Wash box with hot water is my god send, snuggy jams at night and clip often, every hair I can!!!


----------



## Starzaan (7 January 2013)

Reckitt's Blue. Wash him with Wahl Diamond White shampoo, then in the last rinse dissolve a cube of Reckitt's Blue in a bucket of water. It makes them gleam! If he's got any stable stains in the morning, a cube dissolved in hot water will get rid of them really easily.


----------



## Bills (7 January 2013)

Ours is fully clipped out and we scrub top to tail with fairy liquid, works a treat. He also wears a onesie


----------



## VOM (7 January 2013)

Don't clip the legs, unfortunately you just have to wash them, try to just wash the bad bits and use chalk.
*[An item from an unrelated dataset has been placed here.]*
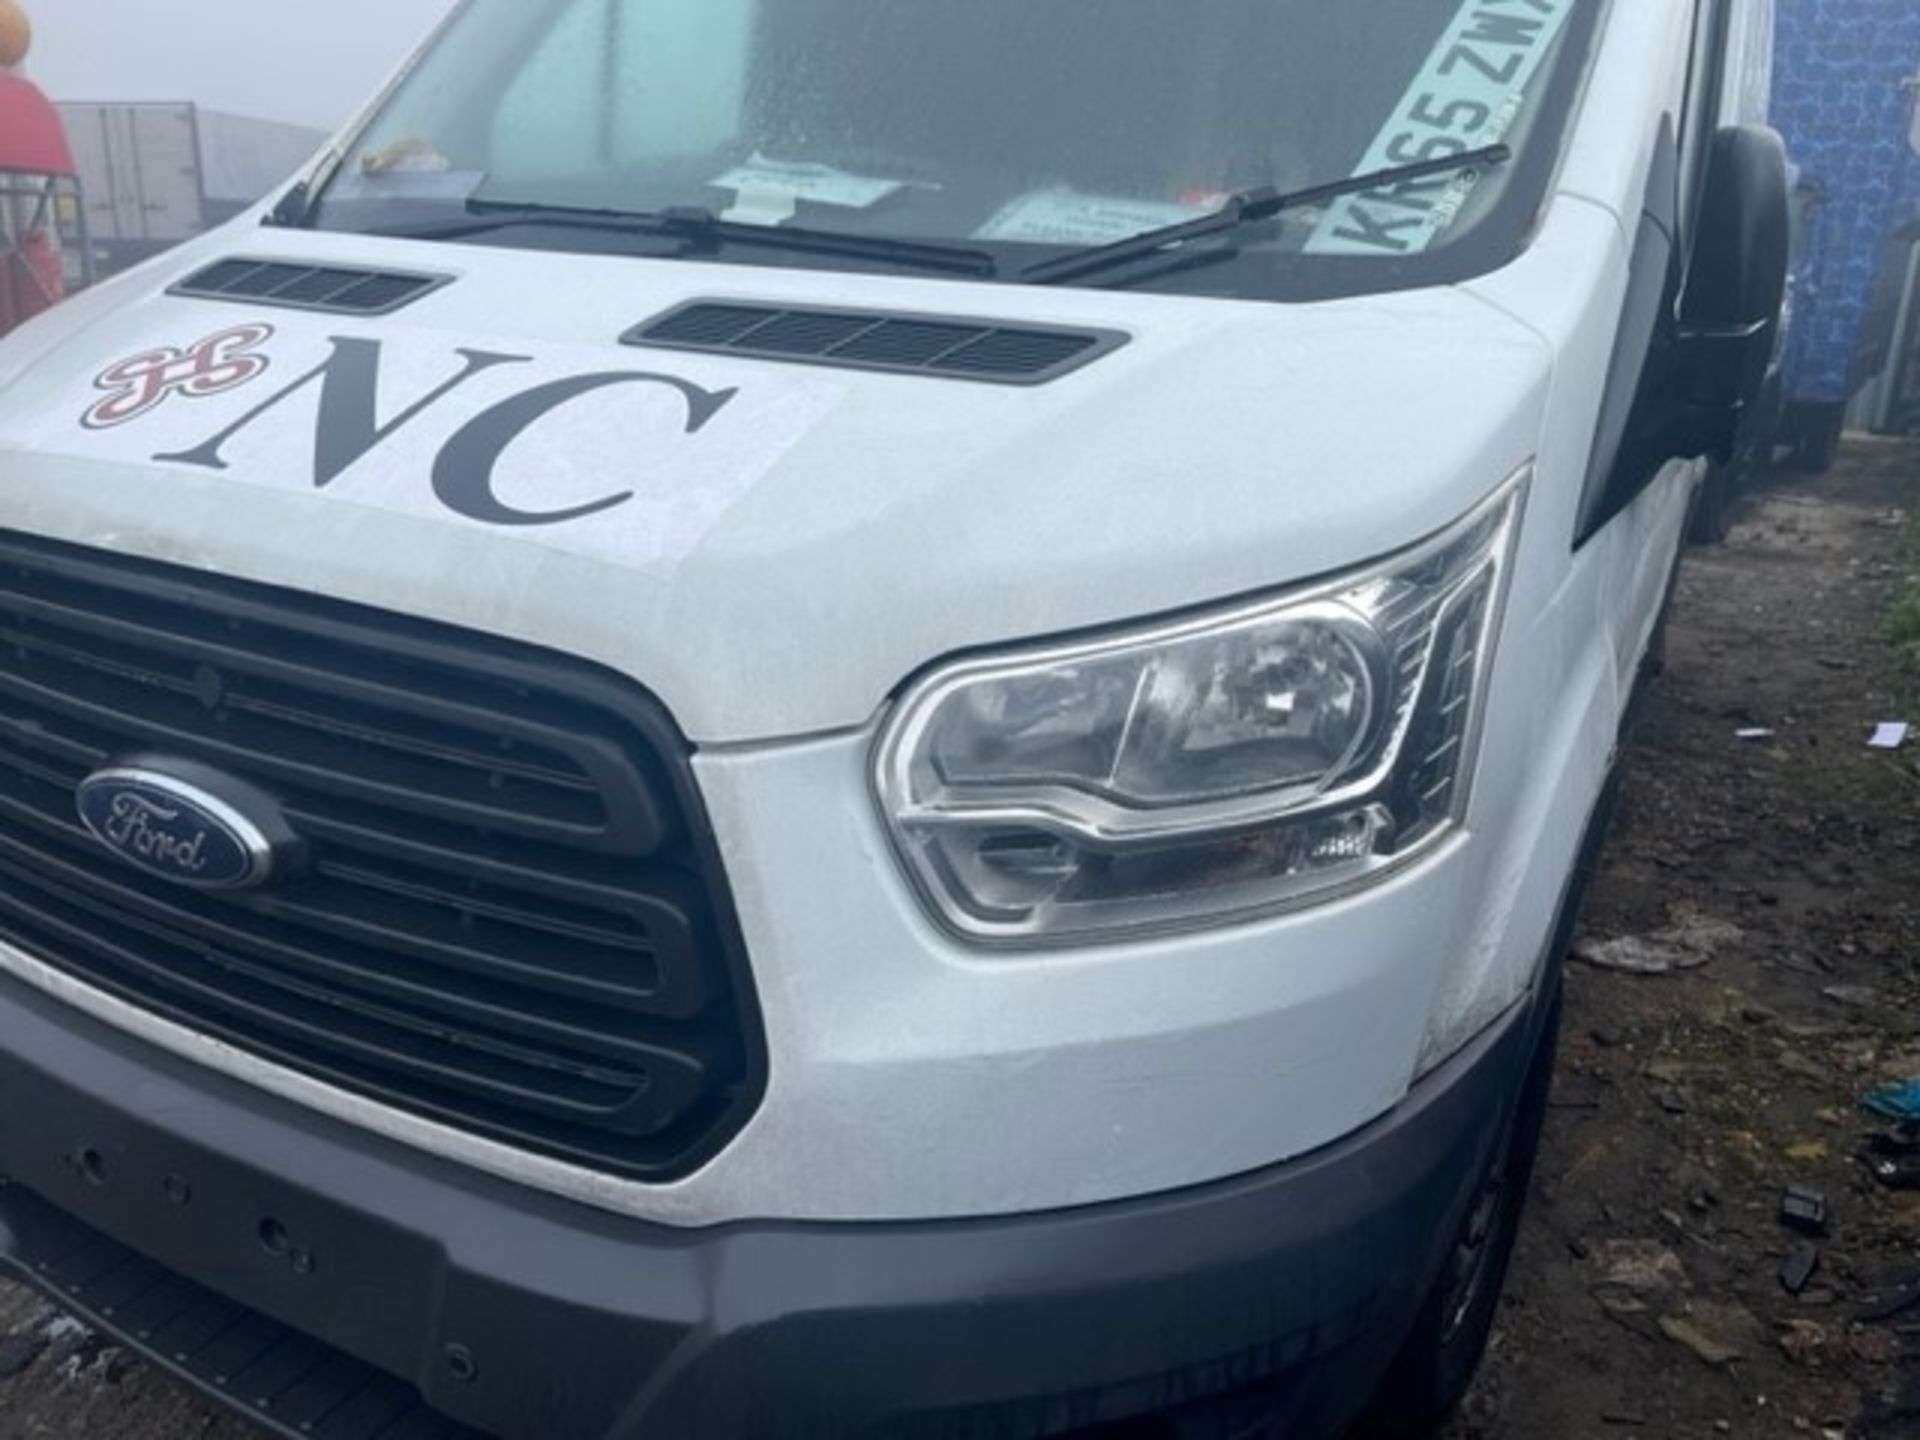 **** PLEASE NOTE THIS VEHICLE IS SITUATED IN CROYDON**** WHITE FORD TRANSIT 310 DIESEL PANEL VAN

I have to wash legs every time and it's a pain. You could try bandaging but I dont bother. My hunting white is not the same as my showing white.


----------



## tootsietoo (7 January 2013)

hahahahahahahahahahahahahahahaha

(manic laugh from a woman with 3 greys).

I get them as clean as I can.  Cold hose, couple of buckets of hot, shampoo, elbow grease, thermatexes - and me freezing cold and soaking every Friday night.  And anyone who might dare to suggest they are not clean enough will get an earful from me!  No one has tried it yet.


----------



## DosyMare (7 January 2013)

I use the Lynn Russell stuff for showing. Quick Brite Whitening Shampoo has also been good for me.


----------



## Kallibear (7 January 2013)

Are we talking actual hunting rather than poncing around a show ring?

Because in the current weather and ground they're plastered in mud within minutes so only need to look presentable briefly. 

I always said Id never buy a grey so instead bought a coloured who's 70% white with pink skin.


----------



## Bedtime (7 January 2013)

Cowboy magic green spot remover-it's a lifesaver!!!


----------



## jess_asterix (8 January 2013)

Keep them clipped all the time and lots of scrubbing. 

I use diamond white shampoo and then cowboy magic green spot remover, or the Lexvet stain remover.


----------



## PortwayPaddy (8 January 2013)

Mine is clipped and I clean stable stains every day and keep his tail clean so that I am not faced with a mega cleaning job.

I hunt every week and our country is mainly in the Peak District. 

Once tacked up and his boots are on, eveywhere from the belly down, including his sheath is sprayed with baby oil.  I run a handfull of baby oil through his tail.

We have a hot box at home but we bought a Waterboy powerwash to put in the trailer and it is a god send.  Combined with a sponge and the baby oil, the mud just slides off. the waterboy is as powerful as any mains horsewash.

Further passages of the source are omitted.